* **Activity**
Copy out exactly the lines spanning the line with "Large Bombato wall light by Radar." to the line with "All our lamps can be wired according", inclusive, from the data underneath, with no pictures.
═══ Data for the task
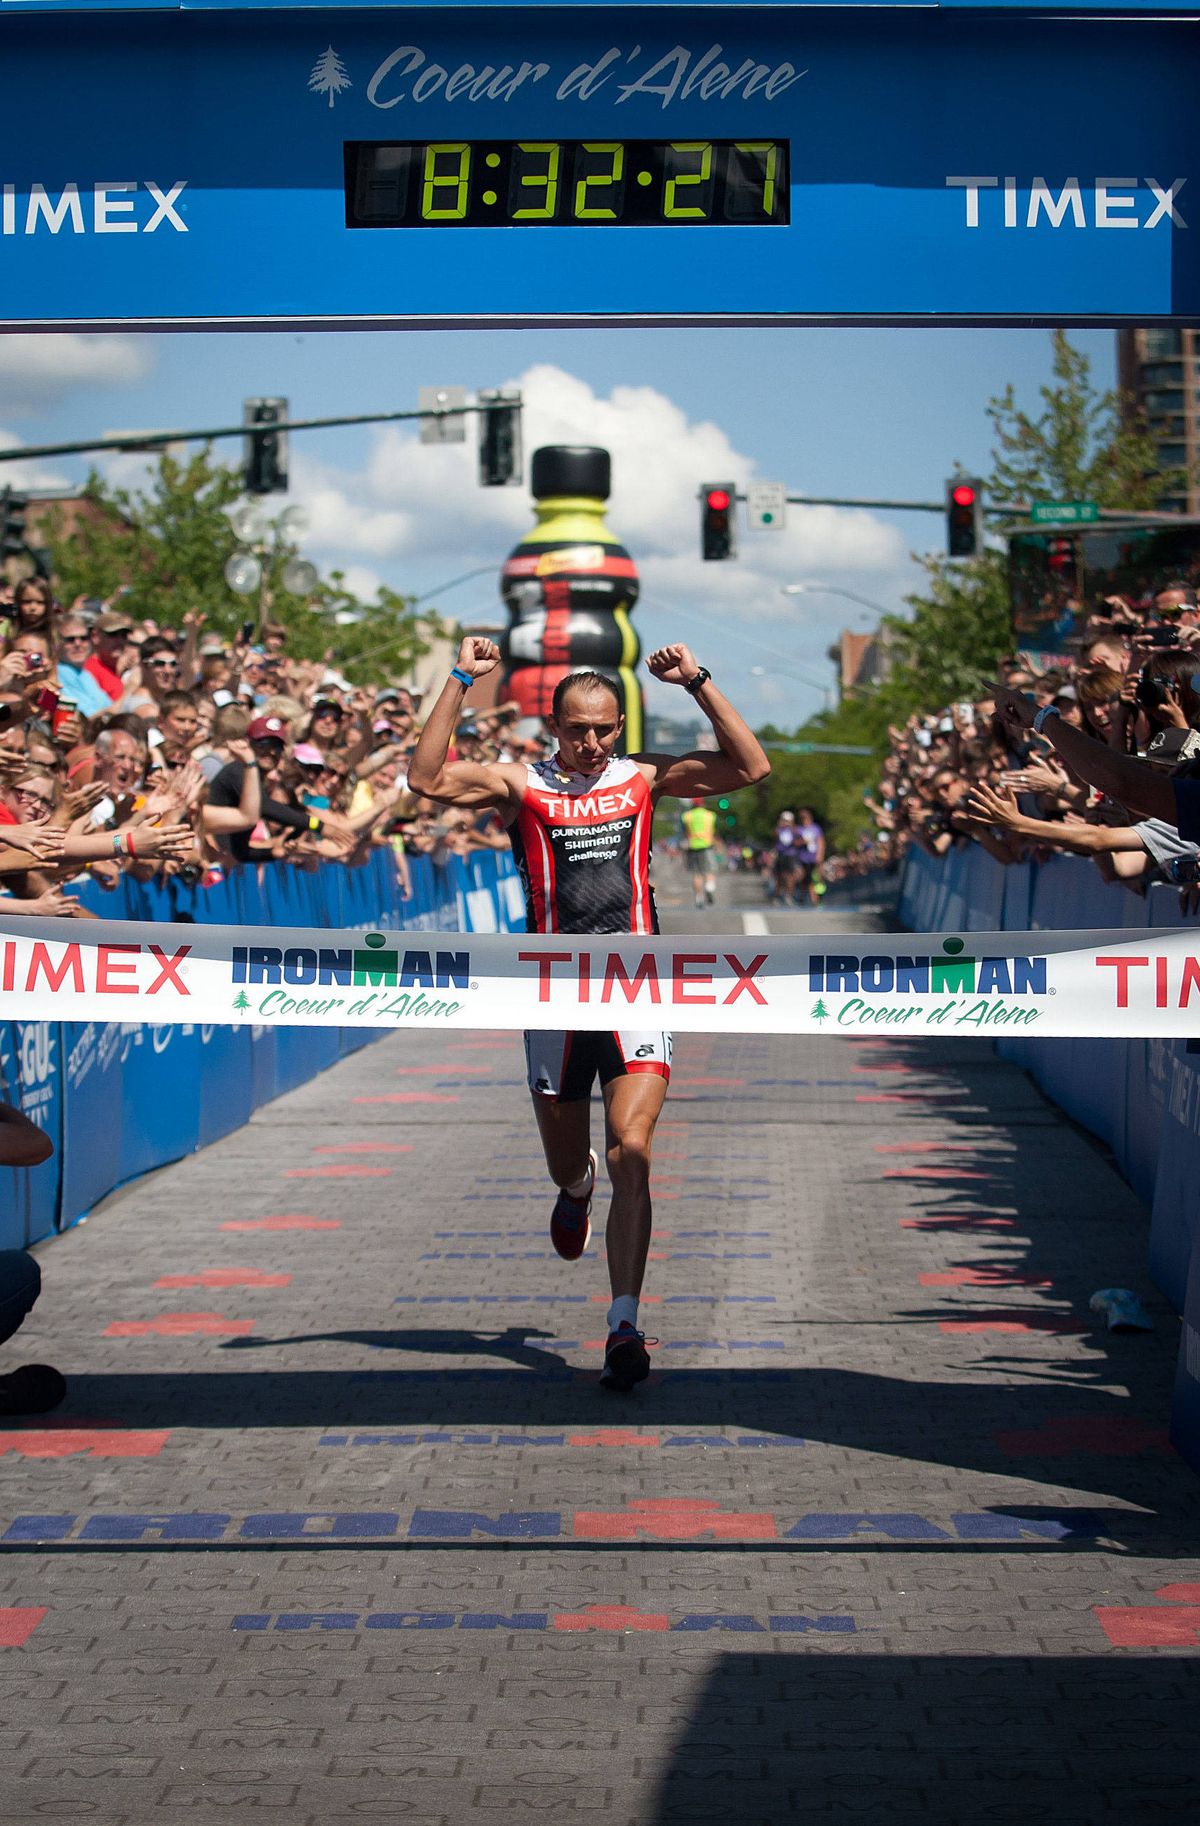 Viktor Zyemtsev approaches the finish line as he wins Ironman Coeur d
══════
═══ Data for the task
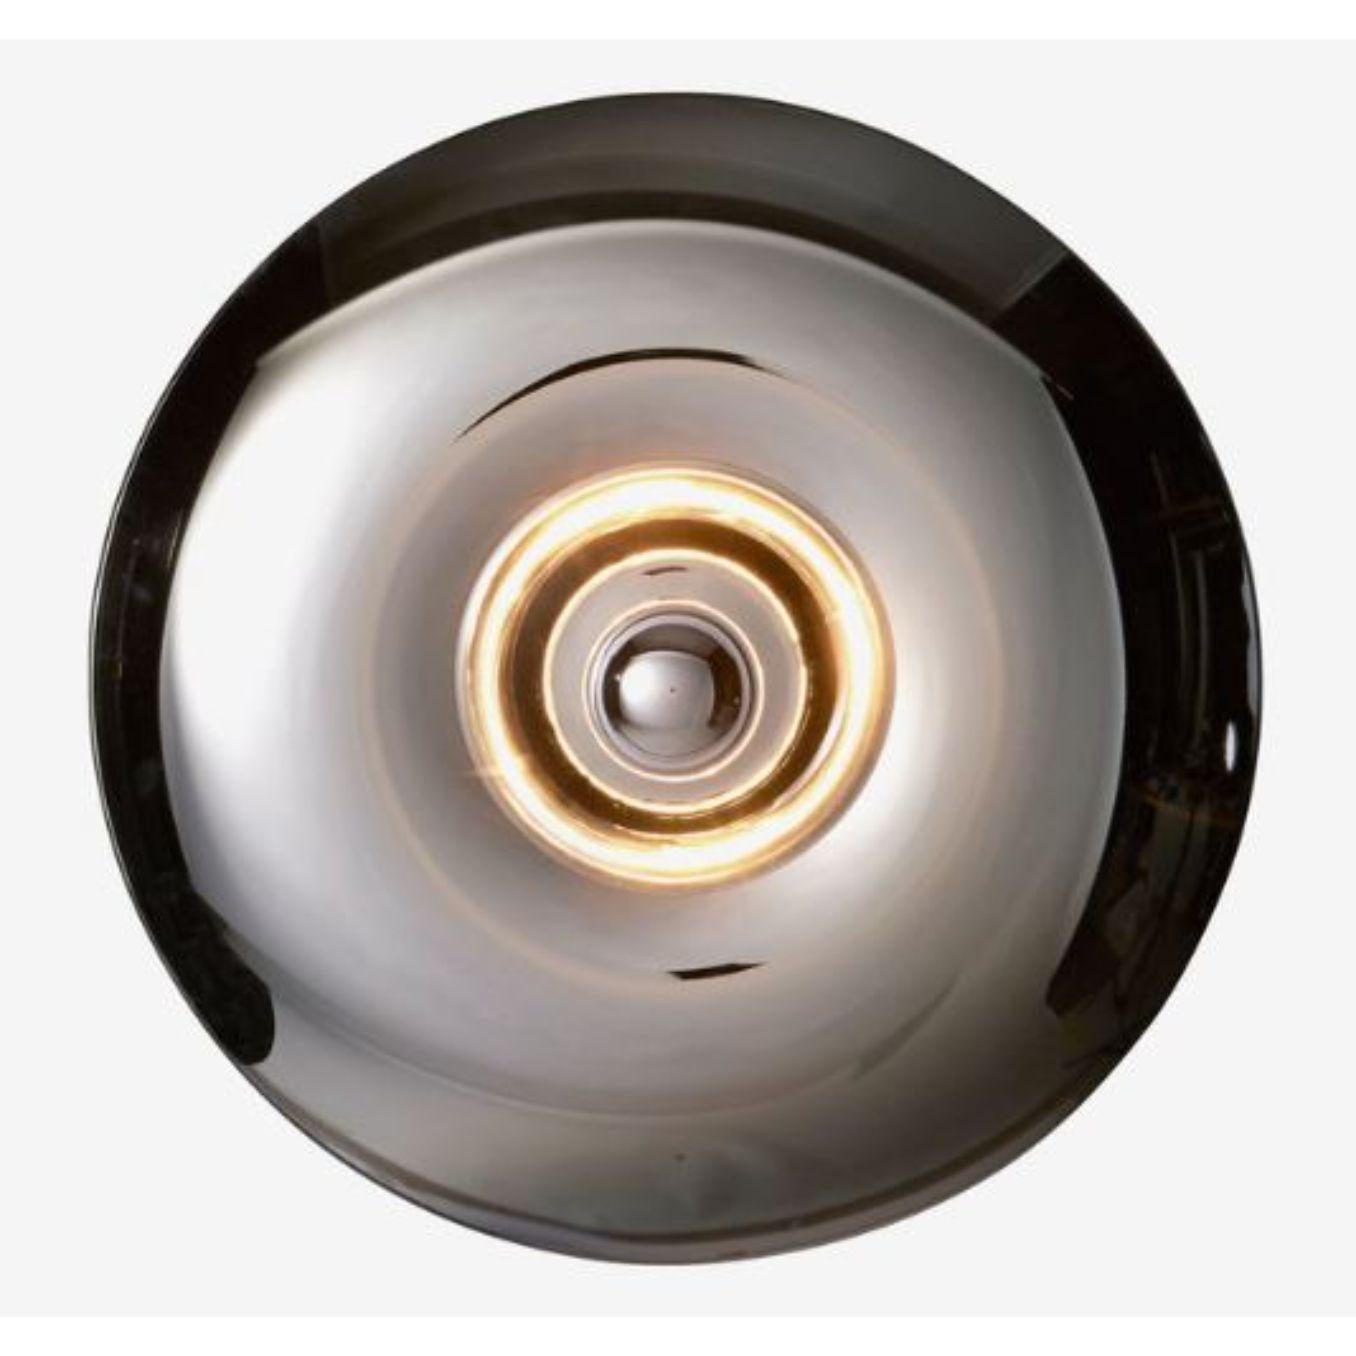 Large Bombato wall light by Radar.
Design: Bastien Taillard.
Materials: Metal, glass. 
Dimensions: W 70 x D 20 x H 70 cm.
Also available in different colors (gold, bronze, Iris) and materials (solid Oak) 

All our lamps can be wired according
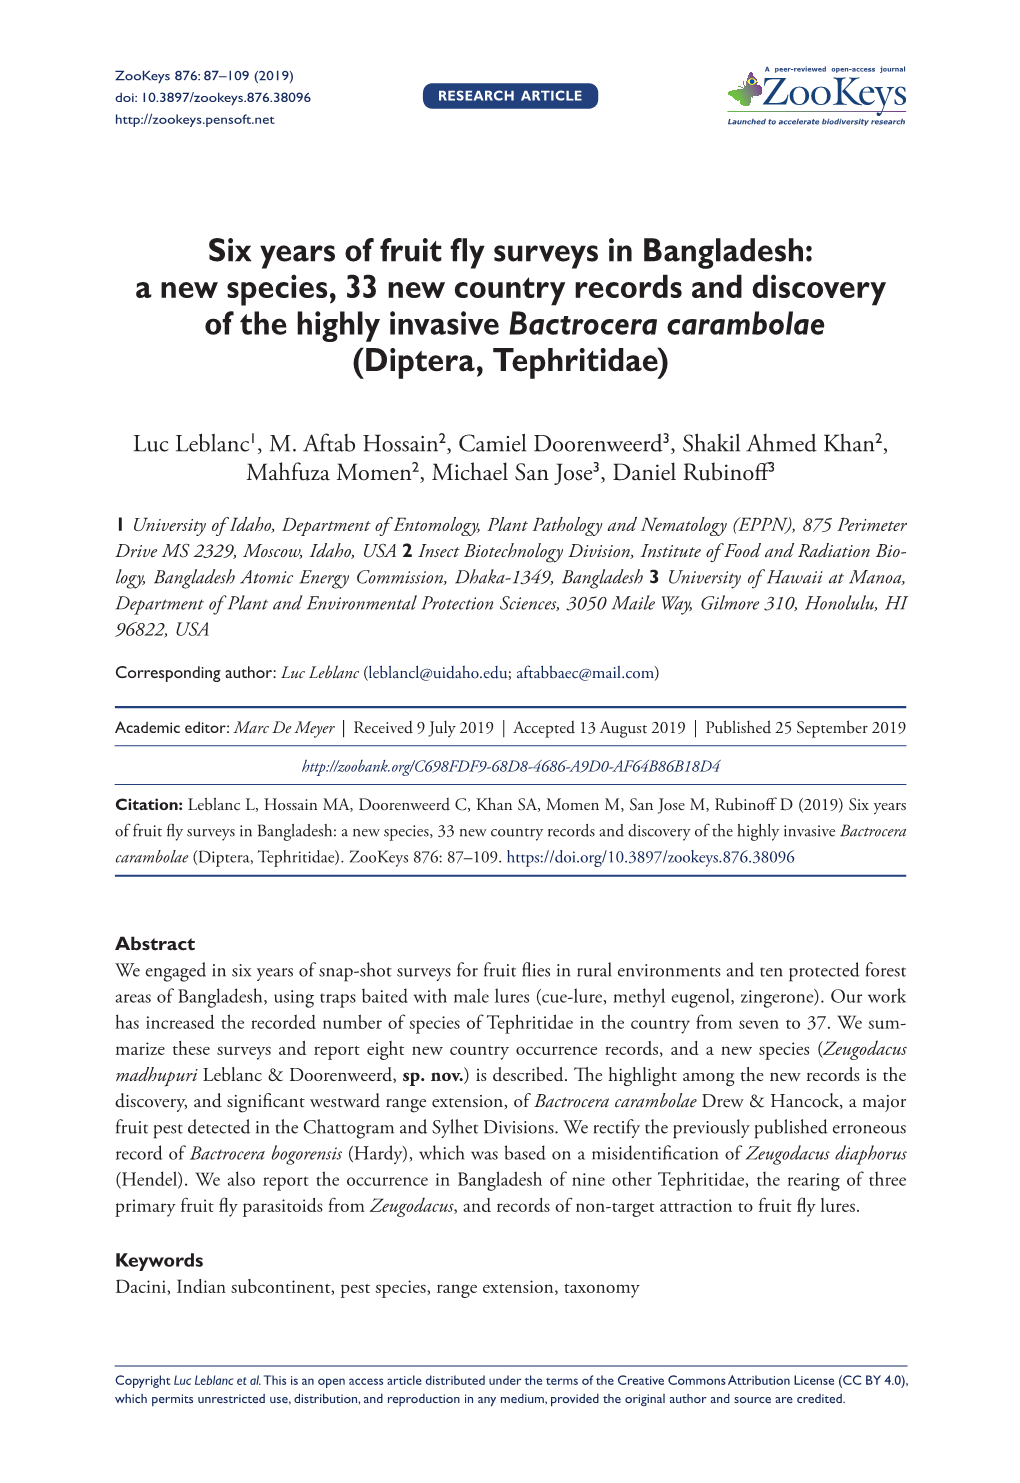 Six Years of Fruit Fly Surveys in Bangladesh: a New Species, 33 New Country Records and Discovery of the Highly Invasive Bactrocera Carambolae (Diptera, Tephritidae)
══════
═══ Data for the task
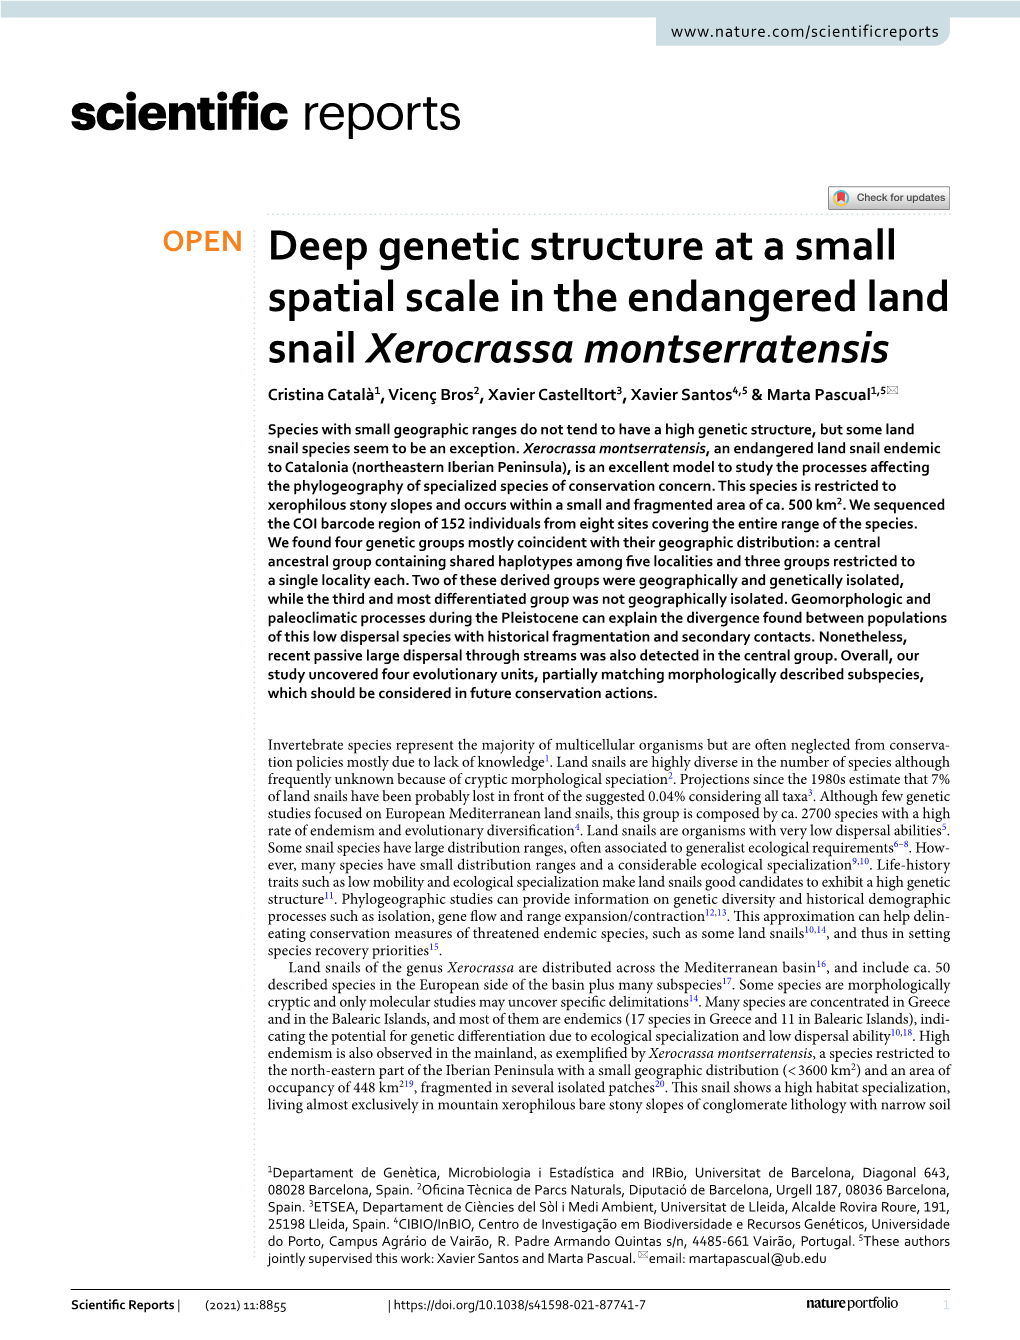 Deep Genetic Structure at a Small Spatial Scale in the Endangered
══════
* **Solved exercise**
 Large Bombato wall light by Radar.
Design: Bastien Taillard.
Materials: Metal, glass. 
Dimensions: W 70 x D 20 x H 70 cm.
Also available in different colors (gold, bronze, Iris) and materials (solid Oak) 

All our lamps can be wired according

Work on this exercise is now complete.